6-2 Evaluation of Thermal Properties of High Burnup MOX Fuel for LWRs

-Thermal Conductivity Change in MOX Pellets Due to Long-Term Use-

Fig.6-4 Schematic diagrams of a LWR fuel rod and radial temperature profile in the fuel rod

Fig.6-4 Schematic diagrams of a LWR fuel rod and radial temperature profile in the fuel rod

The fuel rod consists of fuel pellets and zirconium alloy cladding, and is used in LWRs. The fuel pellet temperature is dependent on pellet thermal conductivity and fuel rod power. The radial temperature profile in the pellet is close to a parabolic shape.

 

Fig.6-5 Comparison between measured and calculated fuel temperatures of high burnup MOX fuels

Fig.6-5 Comparison between measured and calculated fuel temperatures of high burnup MOX fuels

The fuel center temperatures measured in high burnup MOX fuel rods are close to the values calculated by equation B, in which only the effect of burnup on the thermal conductivity of UO2 pellet is considered.

From the perspective of the effective use of resources, high burnup of LWR (Light Water Reactor) fuel and the use of plutonium (Pu) as MOX (Mixed Oxide) fuel are being promoted stepwise with LWRs.

Schematic diagrams of a LWR fuel rod are shown in Fig.6-4. Fuel behaviors such as fission gas release from pellet strongly depend on the pellet temperature during irradiation. In terms of the safety evaluation of fuel, since the fuel temperature during irradiation is strongly related to the thermal conductivity of the fuel pellet, it is necessary to evaluate the thermal conductivity of pellet with high accuracy in order to properly evaluate the pellet temperature during irradiation.

The thermal conductivities of uranium dioxide (UO2) have been investigated up to the high burnup region. However, thermal conductivity data of MOX pellet are not yet satisfactory, especially at high burnup. In this study, MOX fuels irradiated up to high burnup in European LWRs were re-irradiated in a test reactor, and data concerning the thermal conductivity change in high burnup MOX fuel (about 80 GWd/tHM) were obtained by measuring the fuel center temperatures.
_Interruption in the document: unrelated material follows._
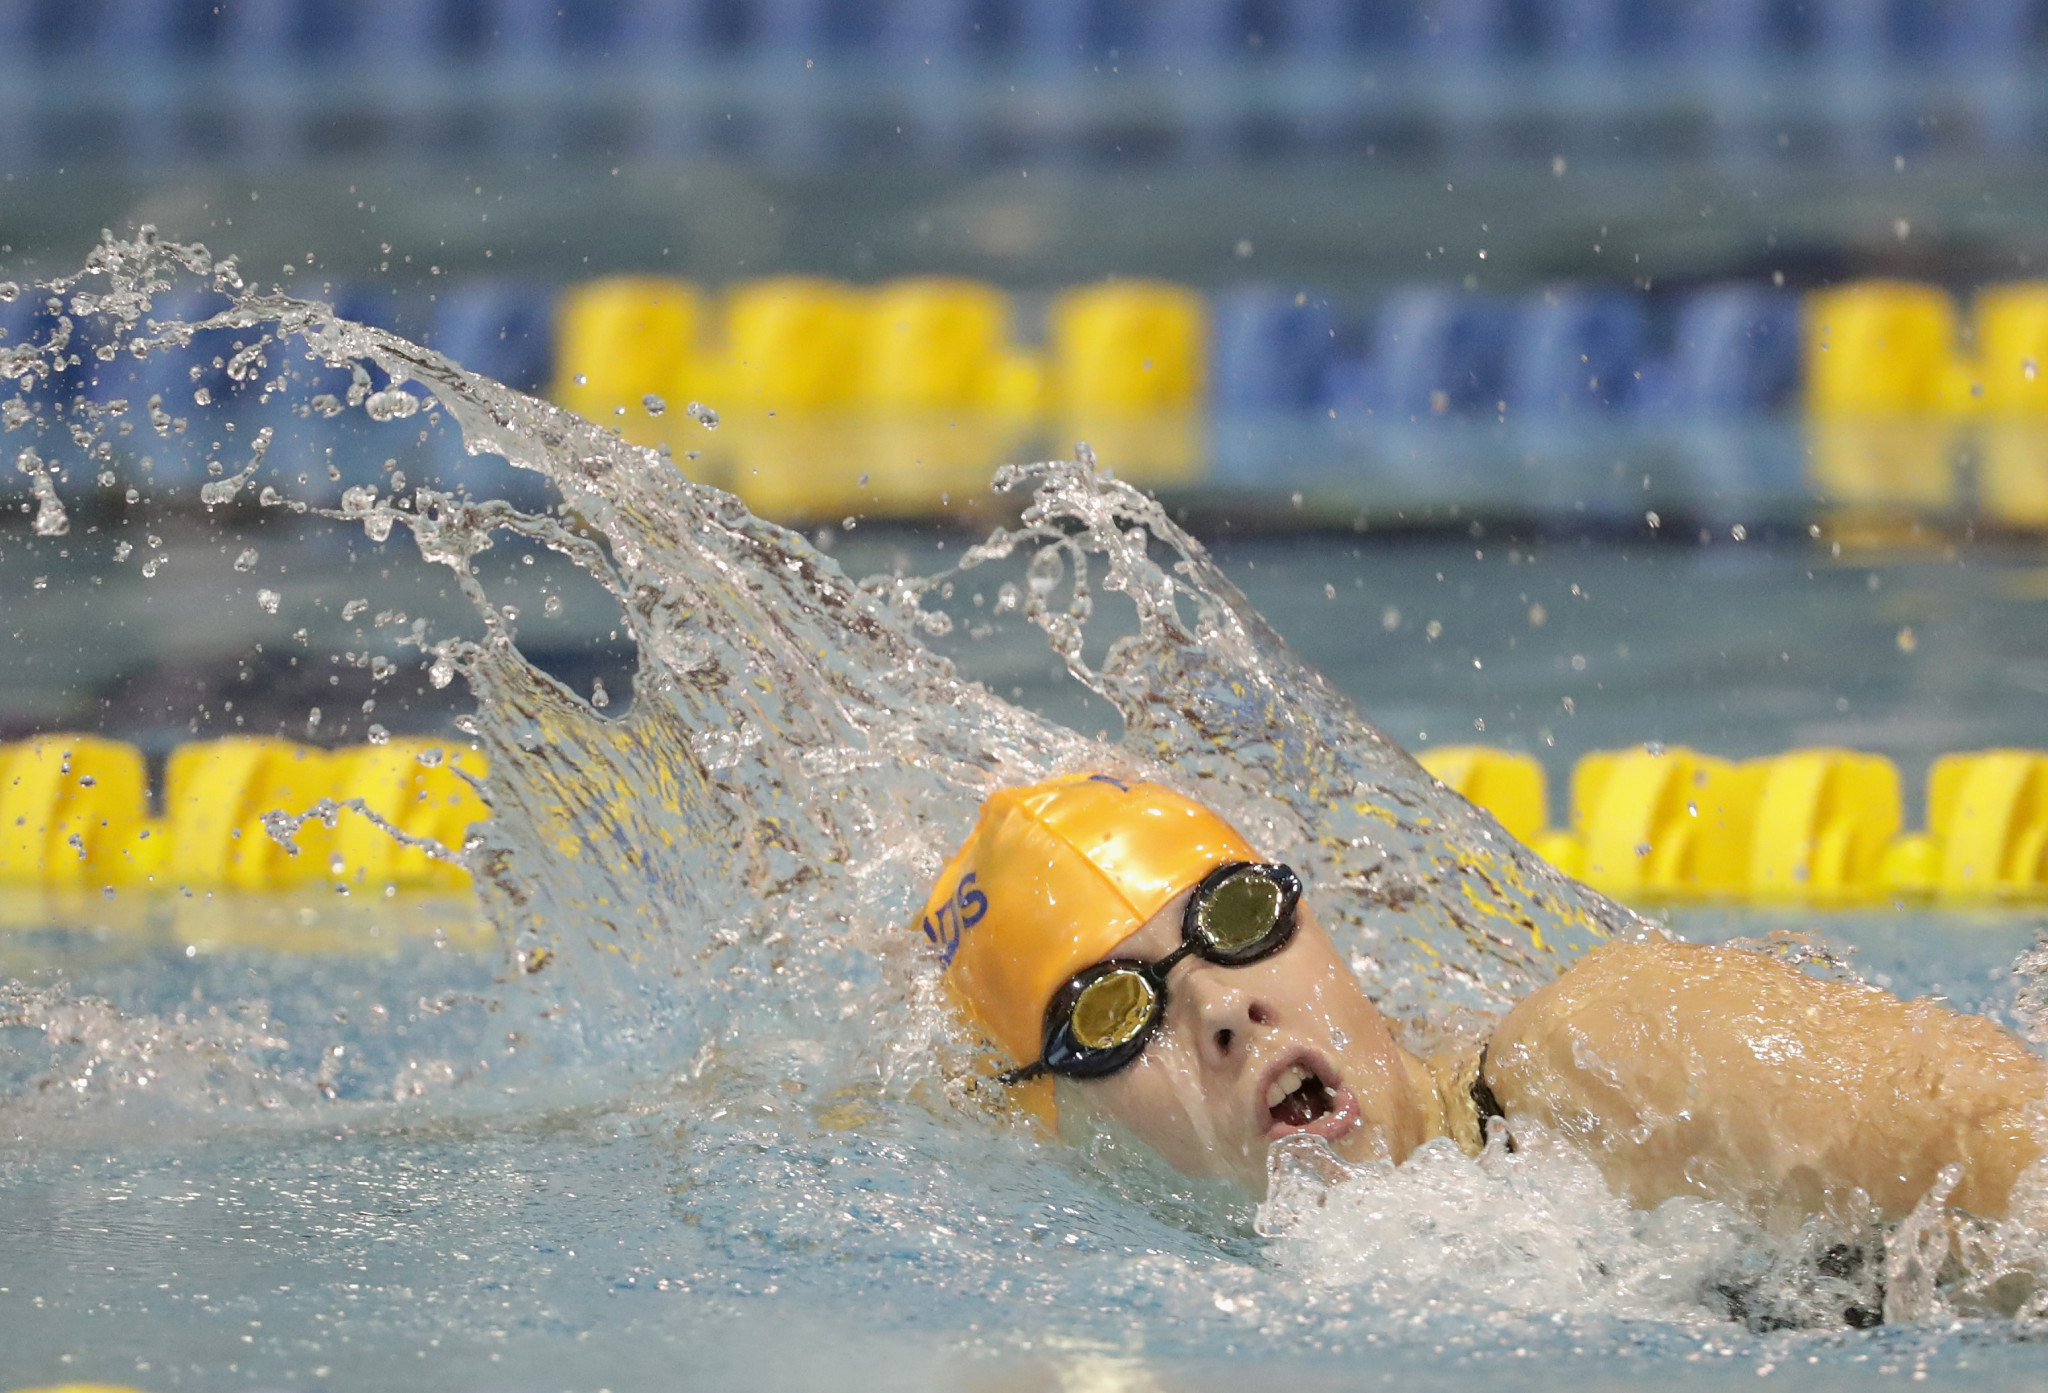 Gaffney sets world record to open World Para Swimming World Series event in Indianapolis

The fuel center temperatures of the MOX fuel rods were measured while changing the heat generation rate per unit length of the fuel rod (Linear Heat Rate: LHR) during irradiation. The measured fuel center temperatures were compared with values calculated by a fuel performance analysis code (Fig.6-5). The thermal conductivity models of MOX pellet proposed in the literatures were used in the calculation. Equation A is an equation in which the degradation effects of Pu addition and burnup on the thermal conductivity of UO2 are considered. Equation B is an equation in which only the degradation effect of burnup on the thermal conductivity of UO2 is considered. Here, the validity of equation B with respect to UO2 pellet was confirmed by the fuel center temperature measurements of high burnup UO2 pellet that were also conducted in this study. As seen in Fig.6-5, the measured fuel center temperatures of the MOX fuel rods are close to the values calculated by equation B rather than those calculated by equation A. These results suggest that the difference of thermal conductivity between MOX and UO2 pellets becomes small in high burnup region. This also suggests that the fission products and irradiation defects accumulated in the crystal lattice during irradiation have a greater effect on the thermal conductivity of MOX fuel pellet than does the Pu added at fabrication. This information is useful for improving the accuracy of safety evaluations for high burnup MOX fuel.

The present study was performed as part of a program sponsored and organized by the Nuclear and Industrial Safety Agency (NISA), the Ministry of Economy, Trade and Industry (METI).


Reference
Nakamura, J. et al., Thermal Conductivity Change in High Burnup MOX Fuel Pellet, Journal of Nuclear Science and Technology, vol.46, no.9, 2009, p.944-952.